Prompt Engineering Best Practices for Level 3

Level 3 (Prompt Engineering) has the lowest first-attempt pass rate of any quiz level. It's not because the concepts are harder — it's because candidates underestimate the jump from "using AI" to "engineering prompts systematically." Here's a study framework that bridges that gap.

Why Level 3 is different

Levels 1 and 2 test recognition — you identify the right concept or tool from a list. Level 3 tests application. Questions present a prompt, an output, and a problem, then ask you to diagnose what went wrong and how to fix it. You need to understand not just what techniques exist, but when to use each one and why it produces better results.

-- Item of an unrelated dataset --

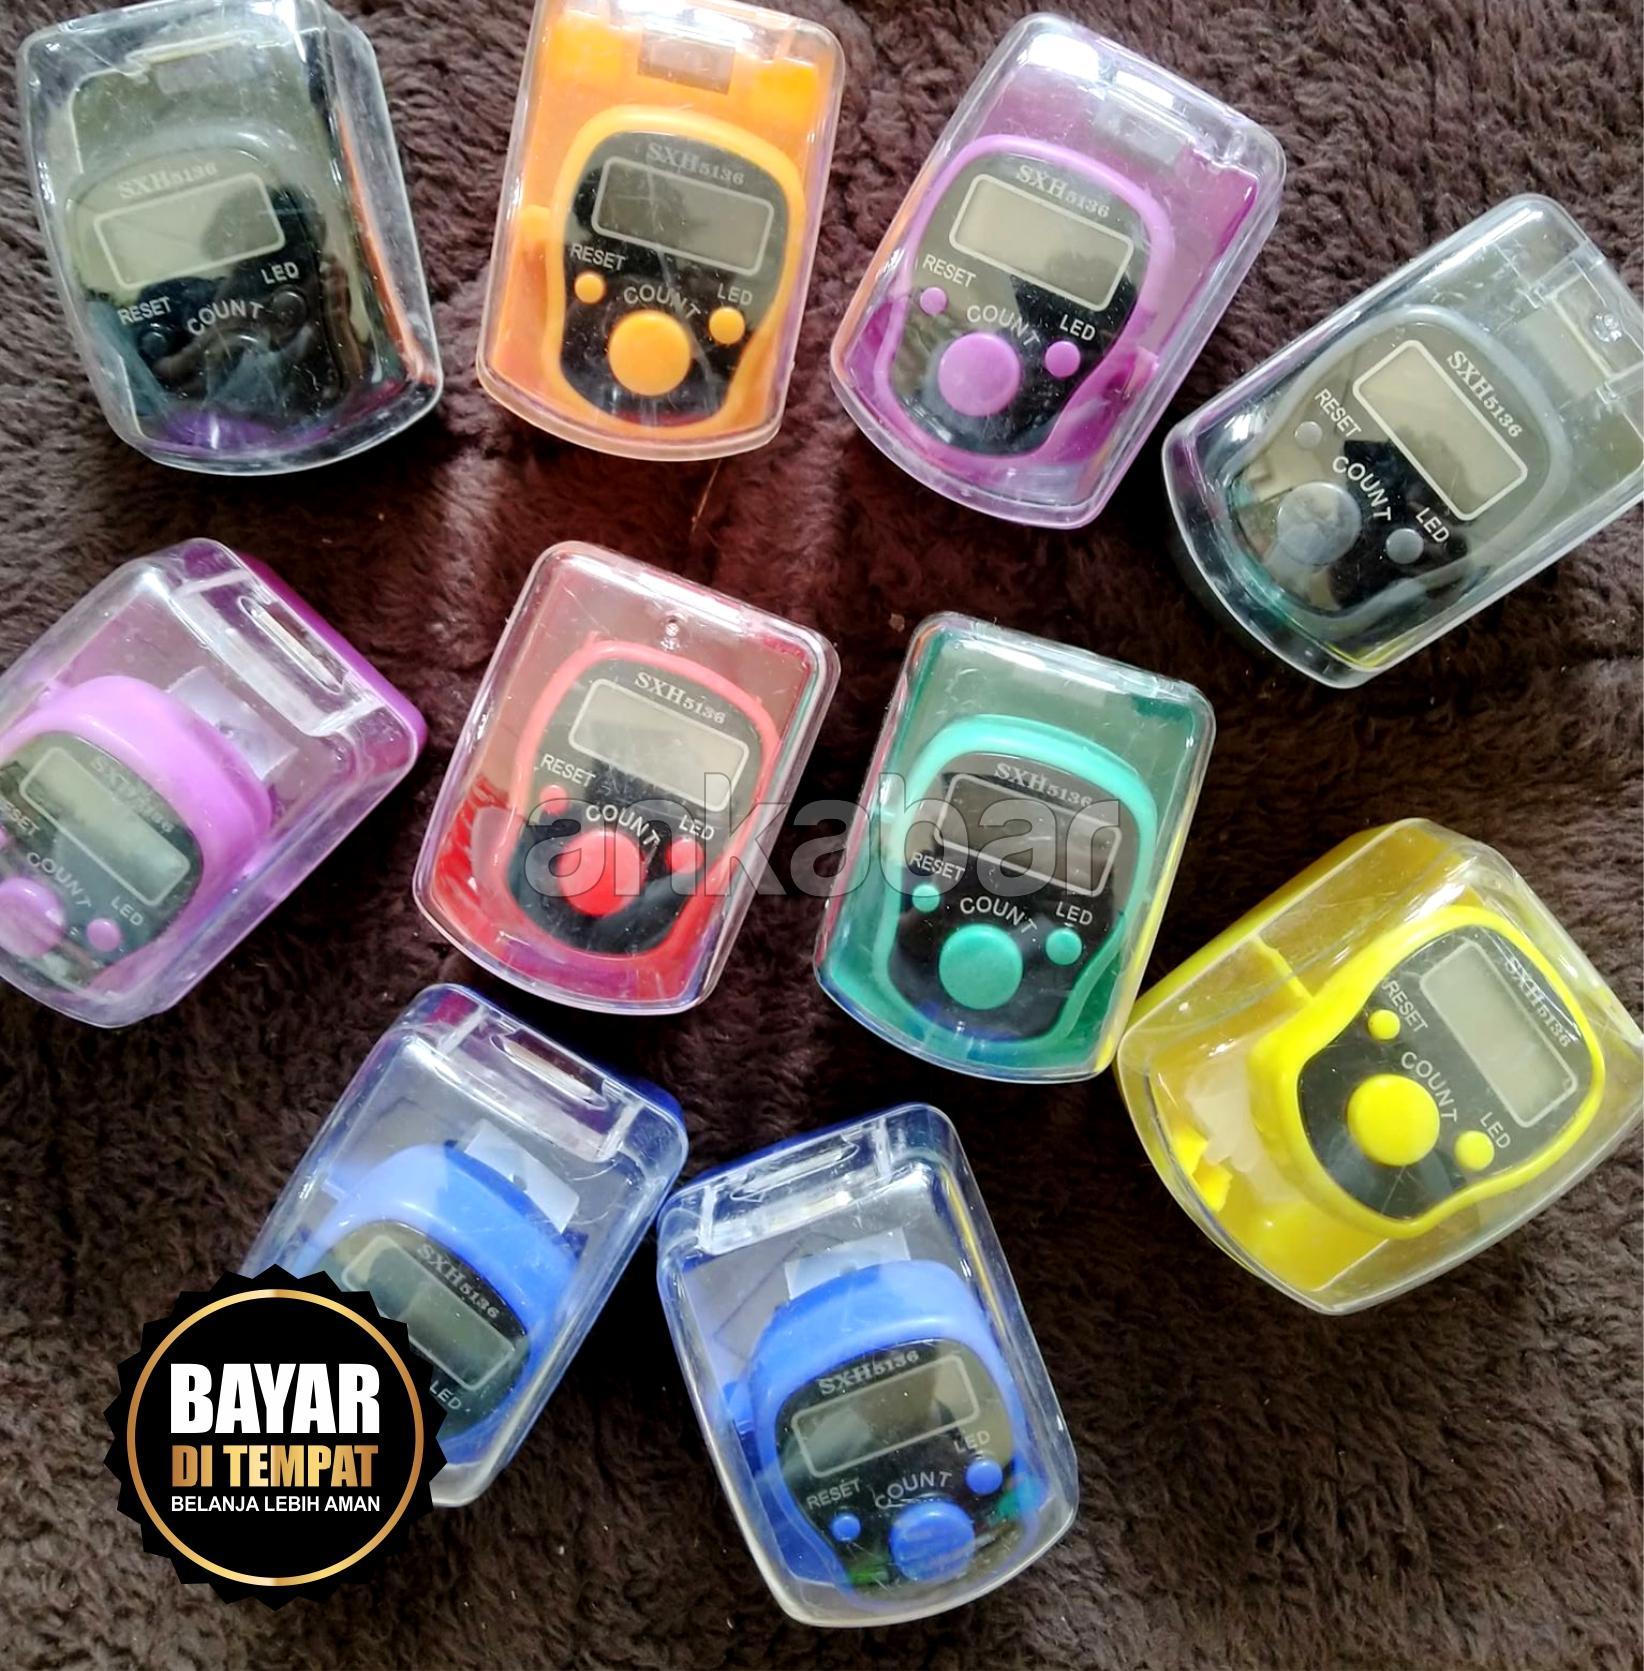 Rp 15.000. Tasbih Digital Mini / Digital Tally Counter Bukan LED Murah Berkualitas - Tasbih Digital Finger Counter / Cincin Penghitung Digital / Alat ...

The six techniques you must understand cold

1. Zero-shot prompting — Asking the model to do something with no examples. Works well for simple, well-defined tasks. Know when it fails: tasks with ambiguous output formats, or where the model lacks context to calibrate tone/style.

2. Few-shot prompting — Providing 2–5 examples before the actual request. The key insight: examples communicate output format and reasoning pattern more efficiently than instructions. If your zero-shot prompt is producing inconsistent outputs, add examples first before adding more instructions.

3. Chain-of-thought (CoT) — Asking the model to reason step-by-step before answering. The trigger phrase "think step by step" or "let's work through this" activates it. Know when it helps (multi-step reasoning, math, classification with explanation) and when it wastes tokens (simple factual retrieval, formatting tasks).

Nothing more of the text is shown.